I was surprised when my new endocrinologist mentioned this idea. As a software developer, I would not trust a device like this - the risk is too high - although automating reporting and notification would be plausible for me. That said, I ran into another Type 1 at my gym - I noticed her by the Omnipod sensor on her arm - I was intrigued. I have used a Dexcom CGM, and before that used a Medtronic insulin pump for its CGM, and have often told myself that I would not use a pump until there were no more tubes. I guess that day is upon us.
I understand people holding this opinion. Loop, OpenAPS, and AndroidAPS are all experimental systems, not FDA approved, and anyone who builds one assumes all liability in their use. I have been using Loop for 21 months now. I feel that my risks were higher prior to my adoption of Loop.
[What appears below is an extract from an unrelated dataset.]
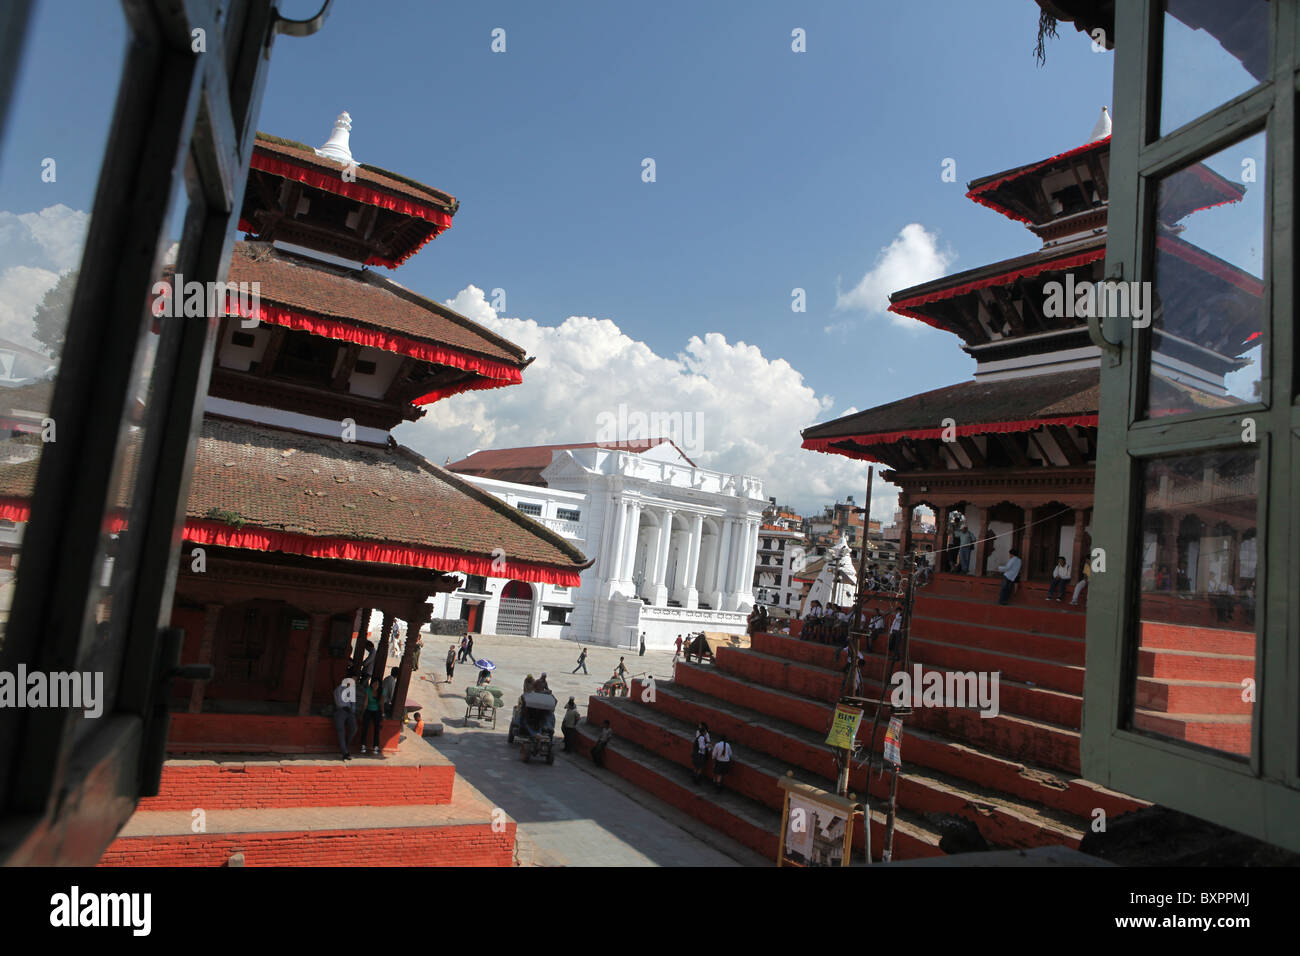 View of temples in Durbar Sqaure in Kathmandu, Nepal in Asia Stock Photo
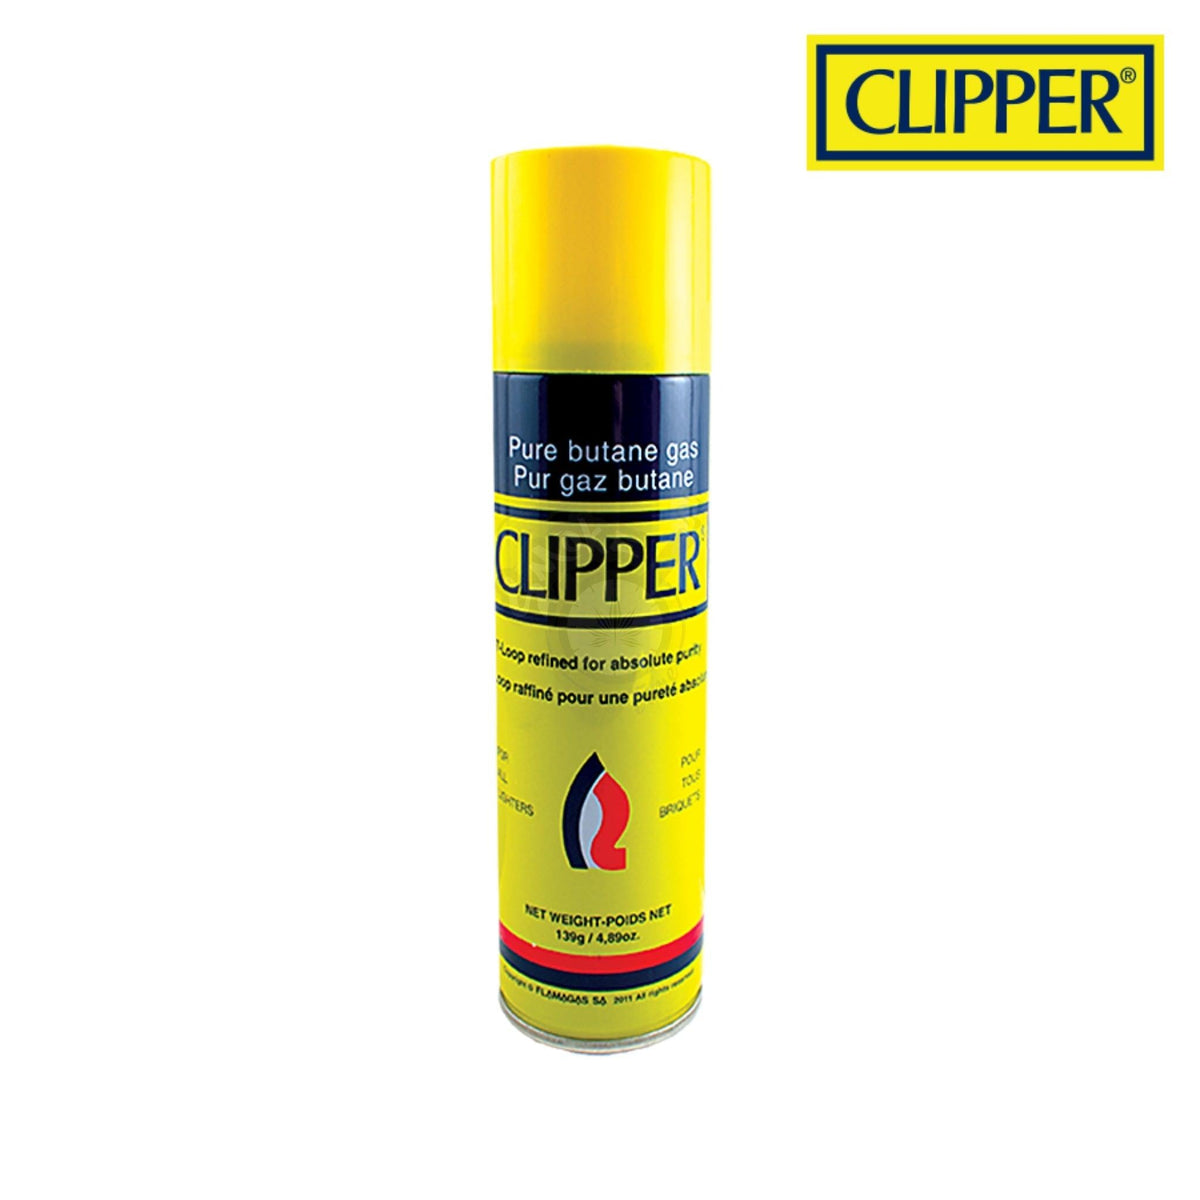 Clipper Butane Fuel 139g

It does a great job of taking me safely through the night and dependably delivers wakeup blood glucose of 70-99 mg/dL.
Since I starting using Loop, my time in range has significantly improved, time hypo reduced, and my overall BG average lowered to below 100. The open-source nature of these systems means many different people can examine the code for any flaws. I am impressed that other software developers have examine this code and have then placed their children on these systems. Meanwhile, millions of hours of use have been logged and the code is continuously being modified. Safety seems to be their highest priority.
Your skepticism is healthy and commercial FDA-approved systems will be available in the next few years.
Unhappily, in order to gain FDA approval, it seems that unrealistic goals and methods have to be built in… vis a vis the latest Medtronics 670g. Everything has to be safe for the lowest common denominator.